In this python tutorial, pandas is required for data manipulation, statsmodel is require for building regression models and matplolib is for plotting.
import numpy as np
import pandas as pd
import statsmodels.api as sm
import statsmodels.formula.api as smf
import matplotlib.pyplot as plt
from math import sqrt
from sklearn.metrics import mean_squared_error
from patsy import dmatrix
from scipy import interpolate
# read dataset
data = pd.read_csv("uswages.csv")
print(data.head())
## Unnamed: 0 wage educ exper race smsa ne mw so we pt
## 0 6085 771.60 18 18 0 1 1 0 0 0 0
## 1 23701 617.28 15 20 0 1 0 0 0 1 0
## 2 16208 957.83 16 9 0 1 0 0 1 0 0
## 3 2720 617.28 12 24 0 1 1 0 0 0 0
## 4 9723 902.18 14 12 0 1 0 1 0 0 0
We can see that wage and experience has a non-linear relationship.
## exper vs wage ##
data_x = data[['exper']]
data_y = data[['wage']]
#visualize the relationship between experience and wage
plt.scatter(data_x, data_y, facecolor = 'None', edgecolor = 'k', alpha = 0.3)

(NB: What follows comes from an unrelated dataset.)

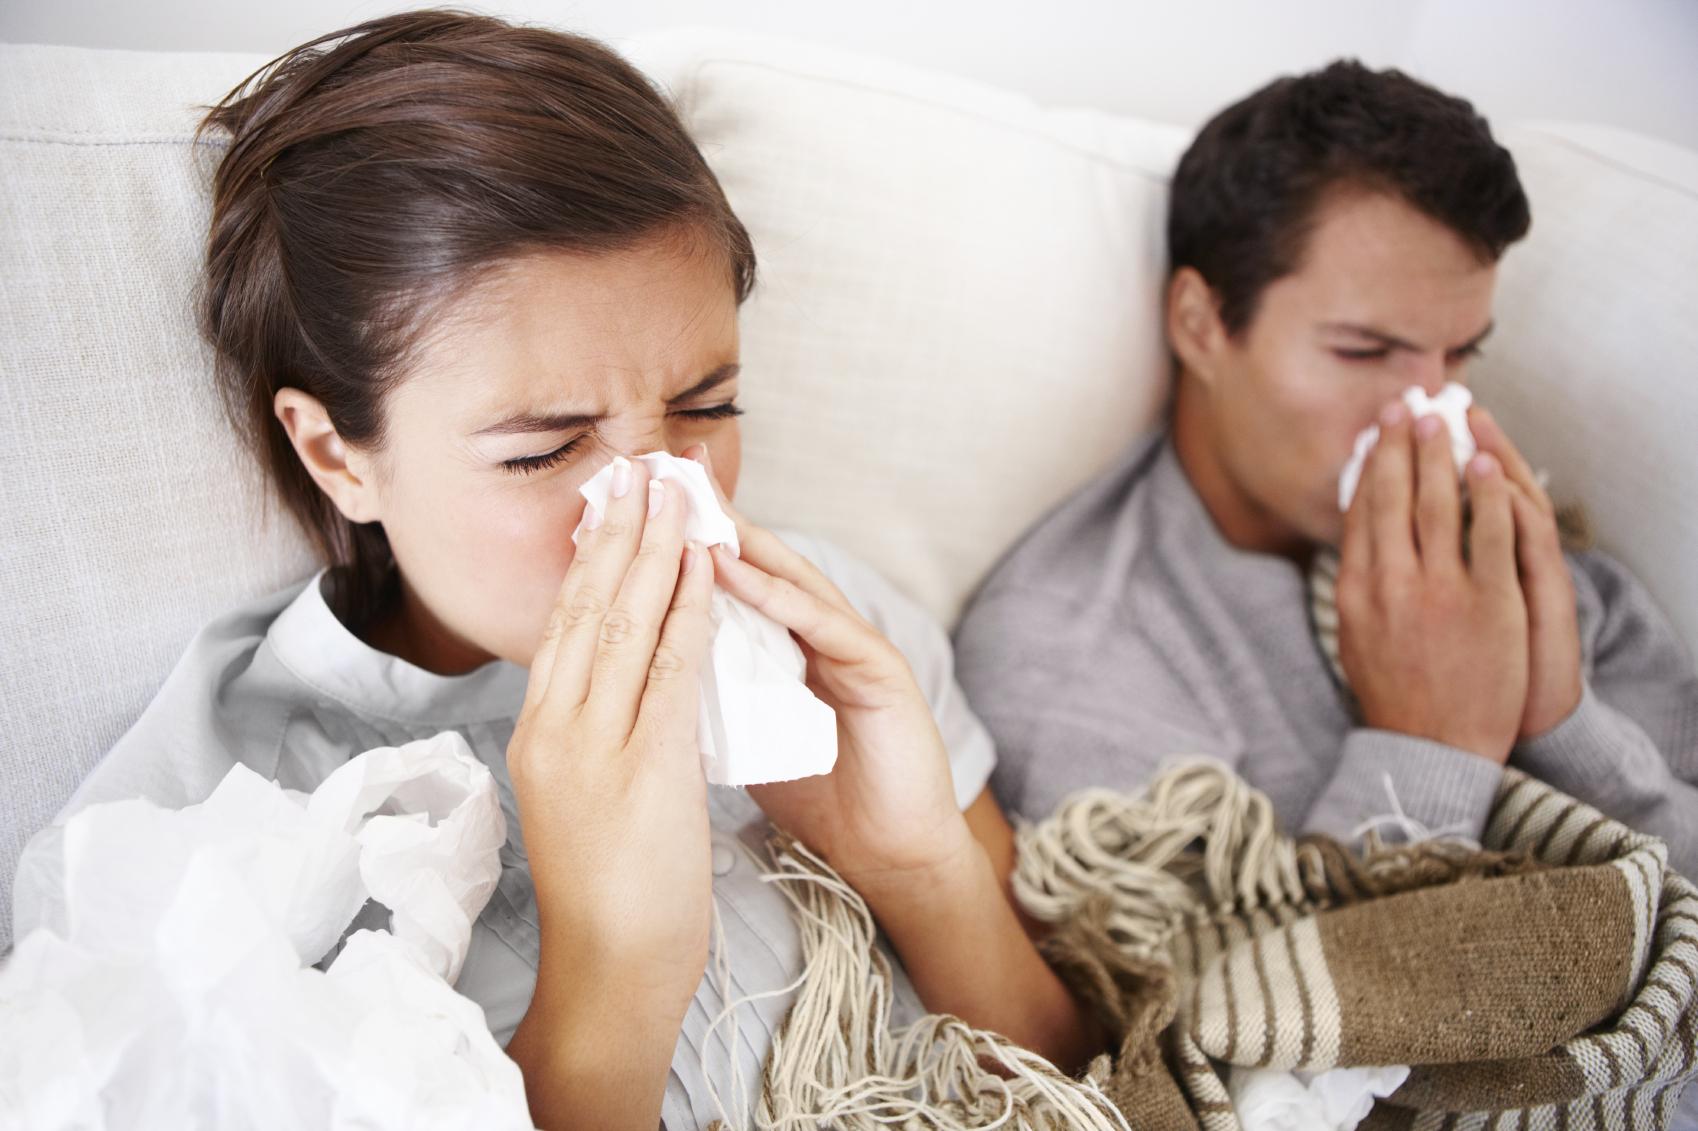 Grip ve Nezle Arasındaki Farklar Nelerdir? Ne Zaman Ciddiye Alınmalıdır?

plt.suptitle('Fig 1. Relationship between experience and wage', fontsize=12)
plt.xlabel('experience')
plt.ylabel('wage')
plt.show()
Looking at Fig 1., there seems to be an outlier (the wage that is above 7000), therefore, in this tutorial, we will remove that outlier and continue our model building, we reduce the data down to wage <= 4000.
# remove outlier
data_ylim = data.loc[data['wage']<= 4000]
wage = data_ylim[['wage']]
exper_x = data_ylim[['exper']]
#visualize the relationship between experience and wage
plt.clf()
plt.scatter(exper_x, wage, facecolor = 'None', edgecolor = 'k', alpha = 0.3)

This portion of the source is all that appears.